A report from the Washington Post on Wednesday describes an effort by the CIA to assess the impact of WikiLeaks on U.S. national security. The effort is known as the WikiLeaks Task Force. Apparently it’s also commonly referred to as “WTF” around the halls in Langley. While that acronym may be cracking some sardonic grins, the Post story also reveals a CIA perspective that is no laughing matter.
To some agency veterans, WikiLeaks has vindicated the CIA’s long-standing aversion to sharing secrets with other government agencies, a posture that came under sharp criticism after it was identified as a factor that contributed to the nation’s failure to prevent the attacks of Sept. 11, 2001. Even while moving to share more information over the past decade, the agency “has not capitulated to this business of making everything available to outsiders,” said a former high-ranking CIA official who recently retired. “They don’t even make everything available to insiders. And by and large the system has worked.”

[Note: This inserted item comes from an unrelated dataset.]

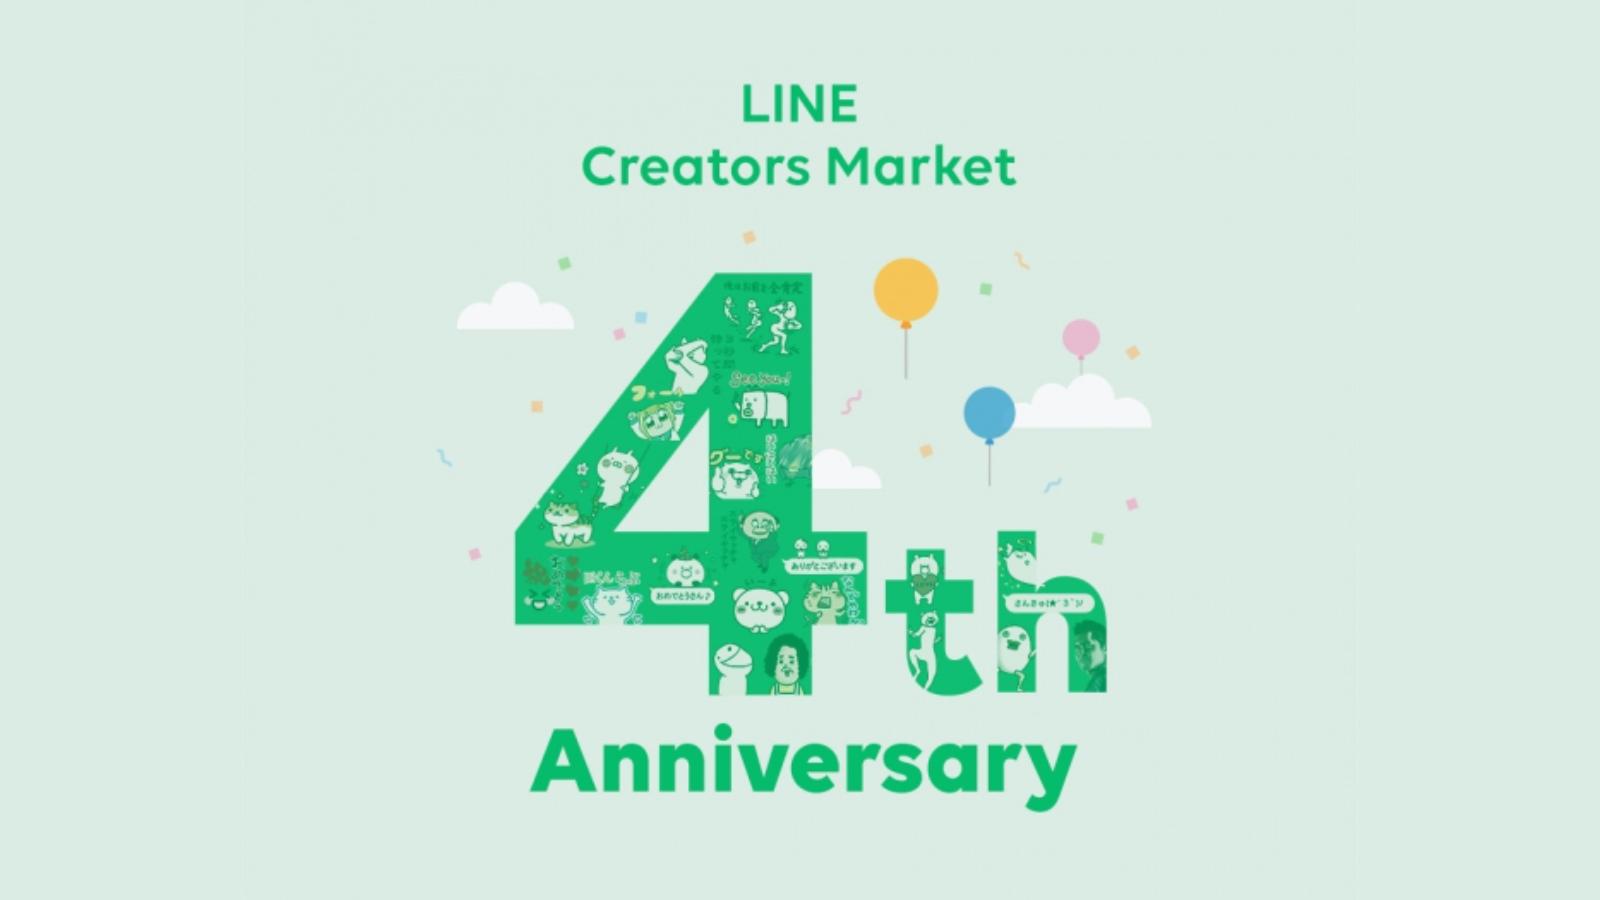 Line-Creators-Market-4th-anniversary.jpg

Without a doubt the sharing of sensitive information among U.S. agencies remains a complex and unwieldy issue — perhaps as complex and unwieldy as the U.S. national security apparatus itself since it ballooned under George W. Bush in the wake of 9/11. But while a strong majority of Americans believe that WikiLeaks has harmed the national interest, it could be dangerously foolish to buy into a resurgent lockdown mentality.
In his indispensable 2006 book “The Looming Tower,” journalist Lawrence Wright investigated the devastating effect of turf battles among the CIA, FBI and NSA prior to the 9/11 attacks. Wright’s book, as I detailed in an essay for Salon, made a persuasive case that the 9/11 plot may well have been foiled if not for fatal duplicity on the part of the CIA, which jealously guarded its intelligence gathering from the criminal-investigation focused FBI. A crucial opportunity apparently came and went in late 2000:
In Yemen, [FBI agent] Soufan was on the trail of an al-Qaida figure closely connected with Nawaf al-Hamzi and Khaled al-Mihdhar, two Saudi-born al-Qaida operatives who would later help seize planes on 9/11. The CIA had surveillance photos of all three men together from an al-Qaida summit in Malaysia the previous January, but when Soufan came knocking for information, the CIA slammed the door shut. It was part of what Wright calls “a bizarre trend in the U.S. government to hide information from the people who most needed it.”
As I noted in my piece about WikiLeaks and cyber warfare earlier this month, some U.S. officials have been warning anew about the dangers of inter-agency turf battles. Former national intelligence director Dennis C. Blair recently told Congress, “This infuriating business about who’s in charge and who gets to call the shots is just making us muscle-bound.”
What happens when the next 9/11 is in the works? The real imperative, it seems, is for the U.S. government to better protect any necessary secrets (the definition of which is another key subject — see Thomas Blanton on “the massive overclassification” of U.S. national security information) while improving upon the sharing of vital information among agencies. If it fails in that mission, the fallout could ultimately be far greater than anything perpetrated by the likes of Julian Assange and company.